If you want to escape the crowds this spring, get the best bang for your buck, and explore an off-path destination not that many Americans travel to, you should skip the Mediterranean altogether and head instead to Bulgaria. Straddling the Black Seat Coast, it is just as warm — if not warmer — than Greece and as rich in culture and tradition as Italy.
2023 will mark the first full year Europe is open for tourism since COVID was declared a pandemic in March 2020. While this is great news for travelers, who are once again greeted with open arms in the Old Continent, the surging demand is leading to price increases across the board, particularly in the Mediterranean South.
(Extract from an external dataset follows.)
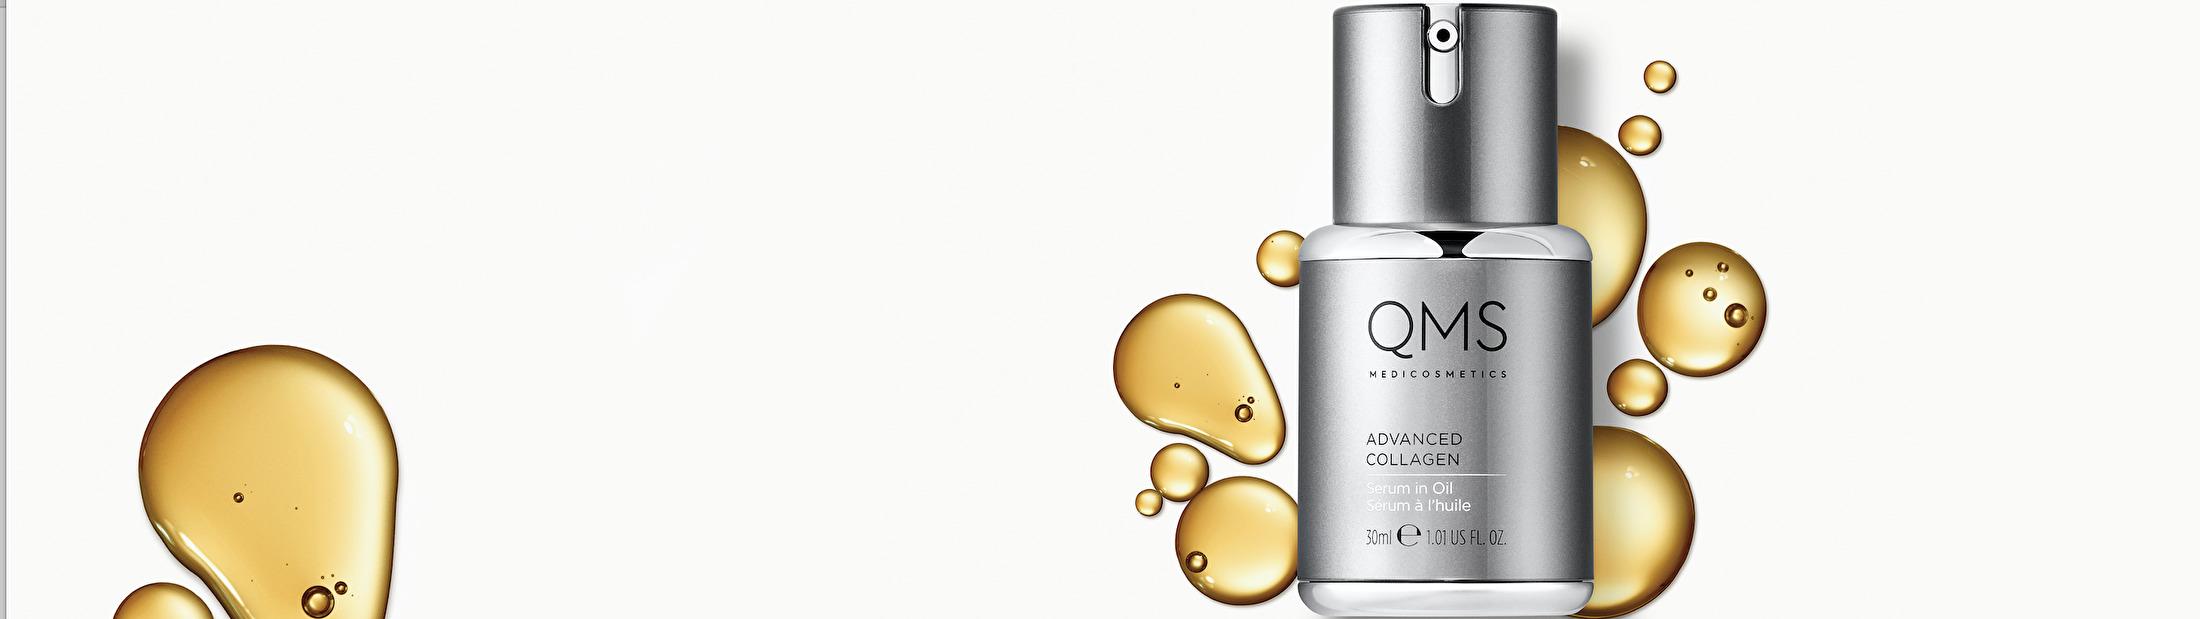 QMS Advanced Collagen in Oil

Luckily, this hidden gem has not yet been ruined by overtourism or the gentrification that inevitably follows:
The Mediterranean May Be Off Limits To Budget Travelers In 2023
According to new research published by UK-based Which?, a company offering consumer tips and shopping advice, the cost of vacations in Europe has jumped by 30% since borders reopened. Whether it’s flights, vacation rentals, or daily expenses, traveling abroad has gotten prohibitively expensive for some, especially those still dreaming of Southern Europe.
Traveling to Spain, Portugal, Italy, Greece, Cyprus, or even Turkiye, the average price of holiday packages, usually between five and seven days, is now US$1,704.13 per person. Supporting these findings, other data from Ice Travel Group confirmed the Spain-Turkey-Italy trio has seen the biggest increases, sometimes by a ‘fifth or more’.
When it comes to airfares, Skytra added that fares for Italy and Greece-bound flights have scaled by a jaw-dropping 71% – a much higher rate than transcontinental flights between the U.S. and Europe, which only increased by 31%. You get the picture: Southern Europe is off-limits for budget-conscious Americans who cannot afford to splurge across the pond.
So where should they go instead?
Is Bulgaria Europe’s Most Underrated Sunny Spot?
Located in the Balkan Peninsula, Bulgaria is one of Europe’s oldest nations and the ancestral home of the Thracians. Native to the territory, they established a sophisticated society many centuries before Rome’s rise to power. In fact, Europe’s oldest continuously inhabited settlement is Plovdiv, modern-day Bulgaria’s second-largest urban conurbation.
The country itself is postcard-perfect, from the Communist-era Brutalist architecture of Sofia, the capital city and a sprawling concrete metropolis, whose skyline is pierced by the gleaming St. Nevsky Cathedral, to the Easternmost provinces lining the Black Sea coast, bestrewn with cobblestone towns and golden sand crescents.
The coastal provinces enjoy soaring temperatures from late spring through early autumn. Varna and Burgas, two of the main beach destinations that are quite similar in character, can reach up to 75.2°F in May. Both are fast-growing development zones stacked with resorts, villas, and water parks available for a small fraction of Western Europe prices.
Having been myself to Bulgaria twice, first in spring, then in autumn, I was surprised to jump out of the train in Central Burgas to 85°F in April and even 86°F and above in Plovdiv as late as October – a climate comparable to that of Tuscany. Believe me, the shoulder season is also the perfect time to do some sightseeing:
- The cities are less busy, and you’ll be able to stroll around, shop, and explore their world-class museums at a slower pace
- You have between 10 to 12 hours of daylight to make the most out of an action-packed itinerary
- Days are bright and sunny, and the nights are cool enough for you to sleep comfortably without the AC
The sea may not be warm enough to swim yet, at least for some, but personally, I found it lovely and refreshing enough for an afternoon dip. Of course, forecasts are unpredictable, and this Far East in Europe, the late-evening breeze can be rather chilly, but rest assured, plenty of sun, sand, and fun await you in Bulgaria.
Unless, of course, you’re arriving in the dead of winter.
Bulgaria Is Cheap
Other than boasting incredible weather, bright blue waters – in spite of the Black Sea’s deceitful name – and historical landmarks, Bulgaria will not break the bank. The cost of living is roughly 43% lower than in the United States. It is particularly favored by digital nomads and slow travelers for the reasons listed below:
- Consumer prices – 53.3% cheaper
- Long-term rentals – 64.9% cheaper
- Restaurants – 56.2% cheaper
- Groceries – 59.1% cheaper
- Purchasing power – 68.9% higher
*Comparisons were made between Sofia, Bulgaria and New York, United States, the most expensive cities in their respective countries
It’s no wonder Bulgaria is one of the trendiest spring – and summer – destinations in Europe for 2023.